Stille Nacht – vor 130 Jahren offenbar „neu“ gemacht - Bauernzeitung
Seit fast 40 Jahren beschäftigt sich Martin Reiter aus St. Gertraudi mit der Erforschung der Verbreitung von „Stille Nacht“, dem bekanntesten Weihnachtslied der Welt. Immer wieder fand und findet er Interessantes, Kurioses und Außergewöhnliches zum „Weltfriedenslied“, das im Jahr 1818 erstmals in Oberndorf bei Salzburg in der dortigen Nikolauskirche erklang. Auch heuer hat Martin Reiter wieder ein Kuriosum entdeckt, und zwar im Tiroler Volksboten vom 21. Dezember 1893. Dort findet sich eine abgeänderte Textfassung von „Stille Nacht“.
„Hier hat wohl Sebastian Rieger – später bekannt als Reimmichl – Hand angelegt“, ist sich Reiter sicher. Rieger schrieb bereits damals fürs „Bötl“, wie die Zeitung auch genannt wurde, und wurde einige Jahre später deren Redakteur. Begründet wurde die neue Textfassung damals vom Autor wie folgt: „Allerorts wird in der heiligen Weihnachtszeit das schöne Lied ,Stille Nacht‘ gesungen; leider ist nur die erste Strophe dieses Liedes gut sangbar. In der vorliegenden Fassung dürfte dieser Uebelstand behoben sein.“ Der adaptierte Text vom Jahr 1893 lautet wie folgt:
Stille Nacht, heilige Nacht! Alles schläft, einsam wacht nur der Hirten hochheilige Schar. Holder Knabe im lockigen Haar, schlafe in himmlischer Ruh’!
Stille Nacht, heilige Nacht! Droben zieh’n Sternlein sacht, und die Englein singen so leis’ hold und lieblich die himmlische Weis’: „Ehre sei Gott in der Höh’!“
Stille Nacht, heilige Nacht! Christkindlein, wie es lacht; Oh, wie macht uns sein rosiger Mund große, selige Freude kund: „Friede den Menschen auf Erd’!“
„Stille Nacht“-Forscher Martin Reiter erzählt über den Werdegang des „Reimmichl“: „Der Priester und Dichter Sebastian Rieger, der Reimmichl (geb. 28. Mai 1867 in St. Veit i.
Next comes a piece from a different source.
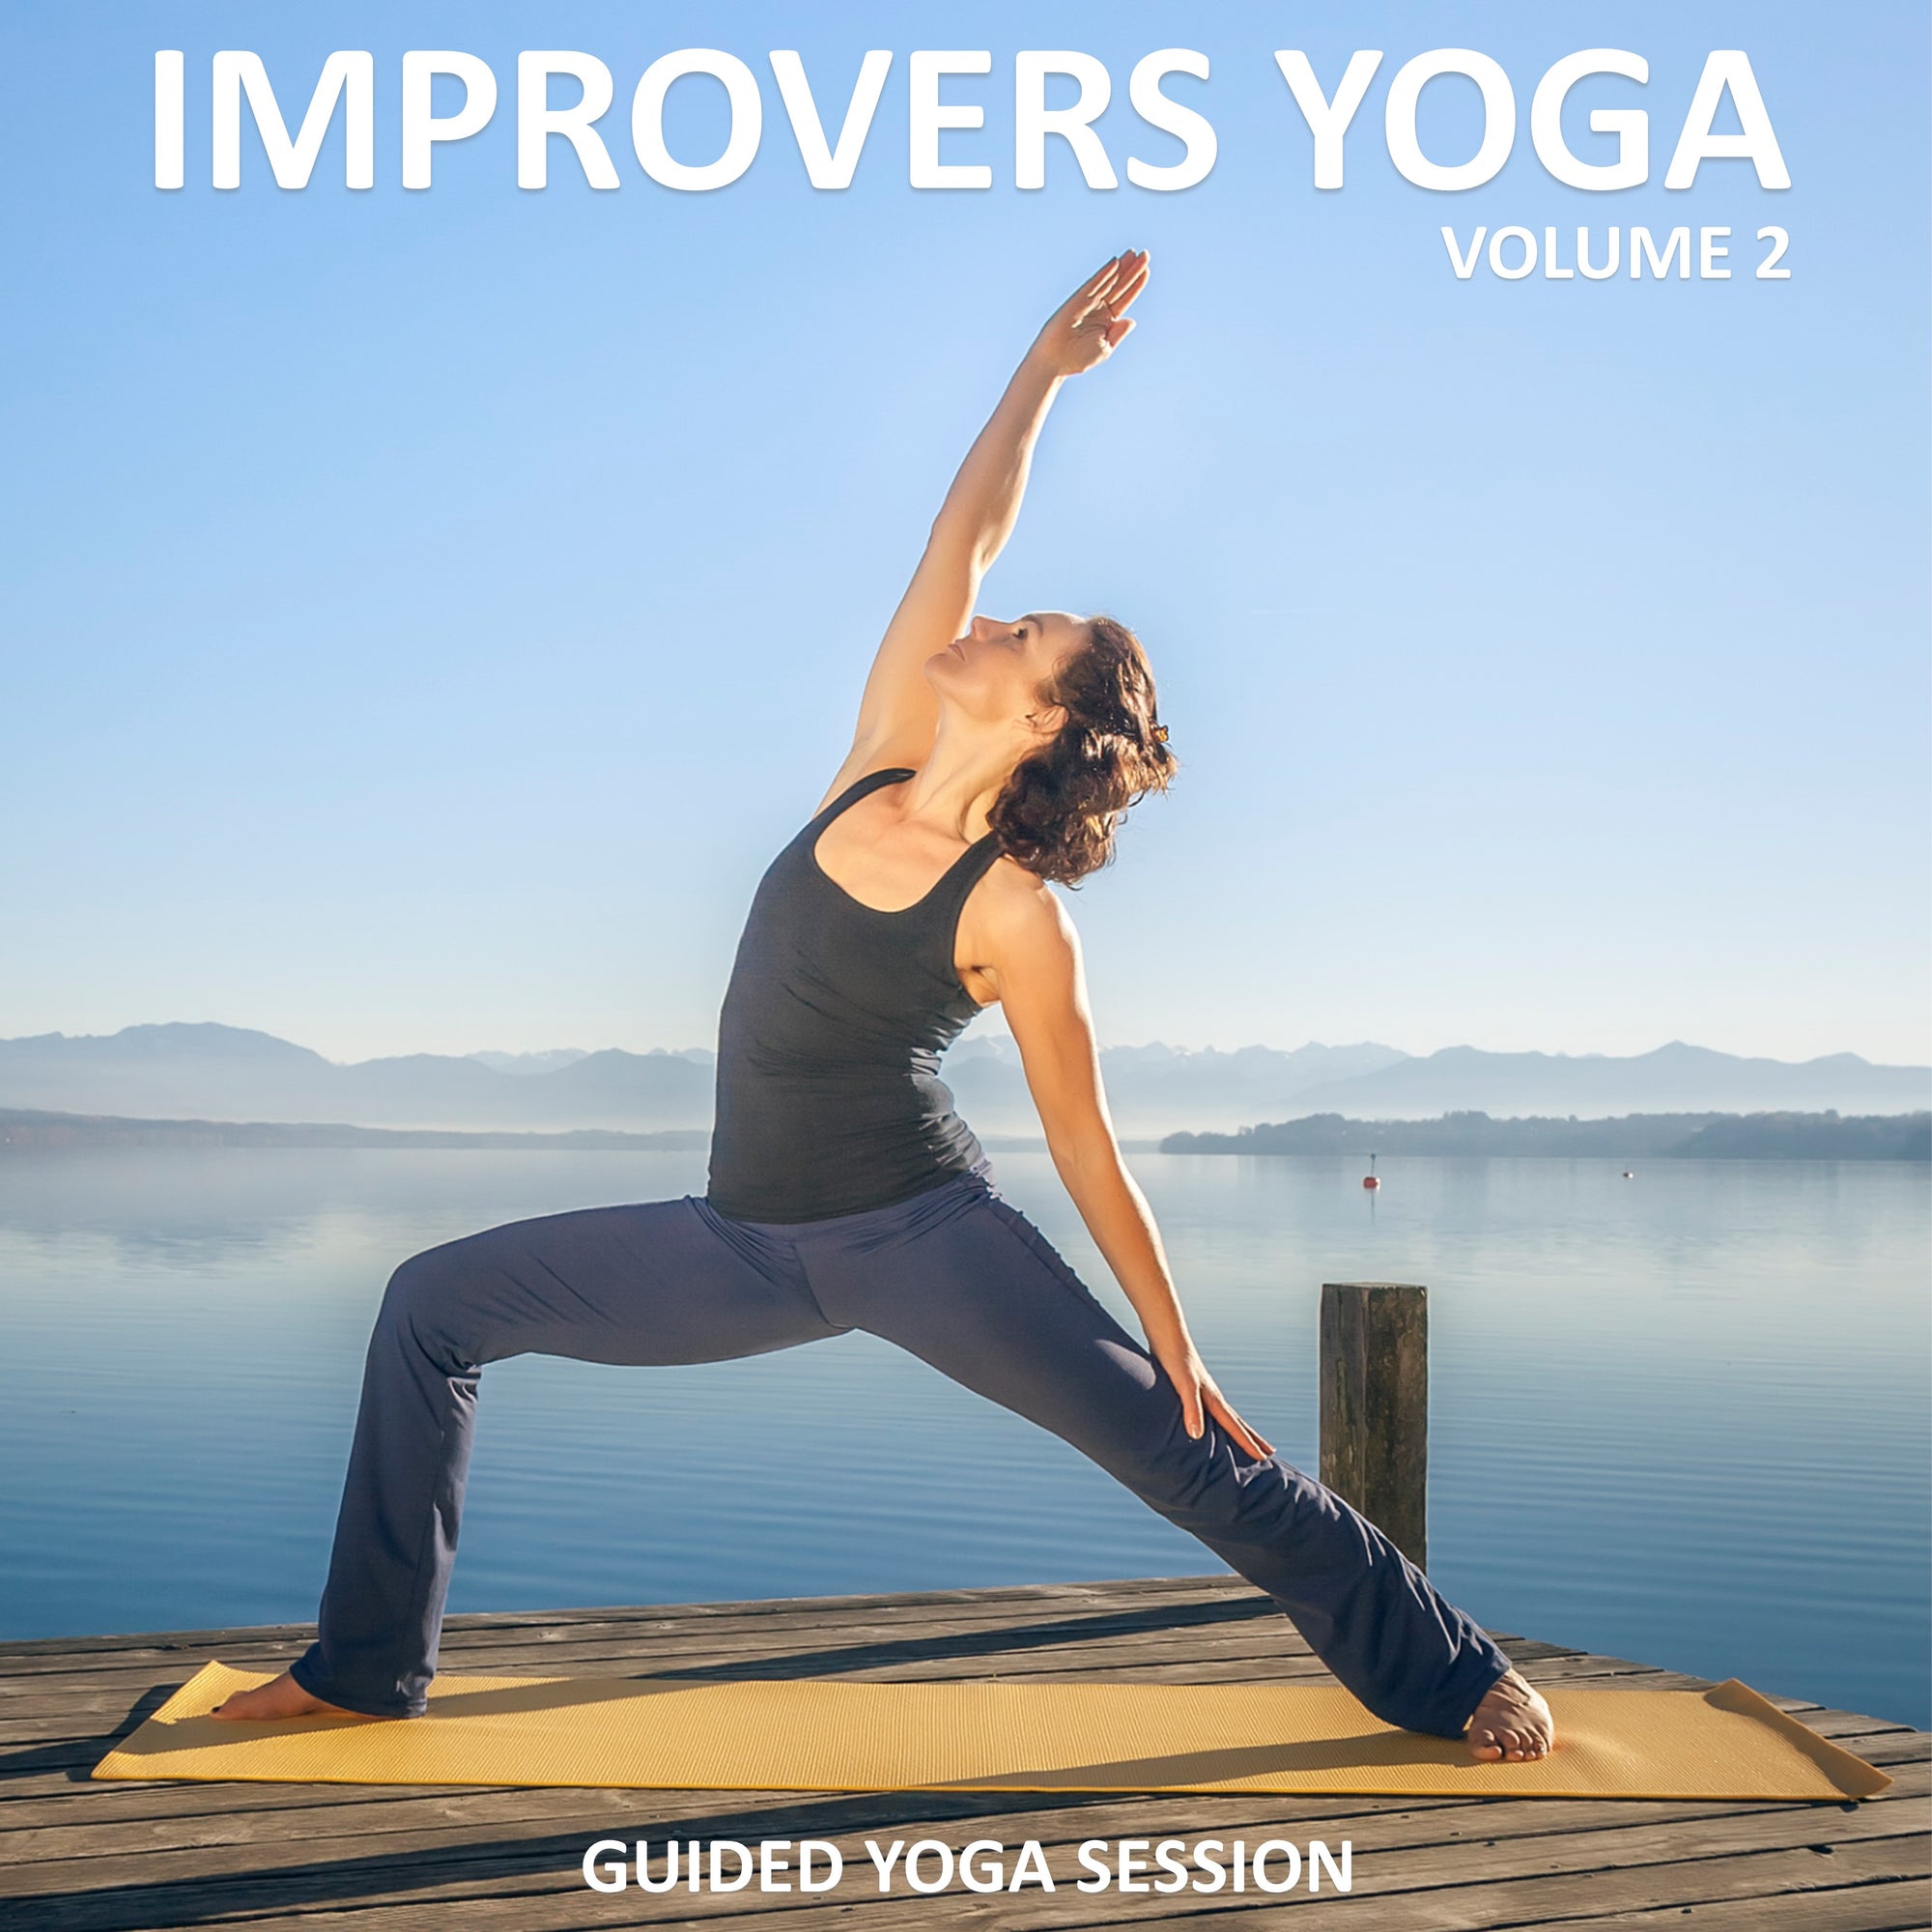 Improvers Yoga Volume 2

D.; gest. 2. Dezember 1953 in Heiligkreuz, Hall), erlangte als Volksdichter große Bekanntheit und Beliebtheit bei der Bevölkerung. Als Volksdichter veröffentlichte er erste Erzählungen und Geschichten im Tiroler Volksboten. Dort arbeitete er ab 1897 als Redakteur mit.“
Aus dieser Zeit stammt sein Pseudonym „Reimmichl“, in Anlehnung an ein damals in Sexten lebendes Original, den „Michl“, einen Schuster, der sich als Geschichtenerzähler hervortat. Von 1914 an wirkte er bis zu seinem Tod als Kaplan in Heiligkreuz bei Hall in Tirol. Seit 1925 erscheint „Reimmichls Volkskalender“. Er schrieb Romane, Erzählungen und heitere Geschichten.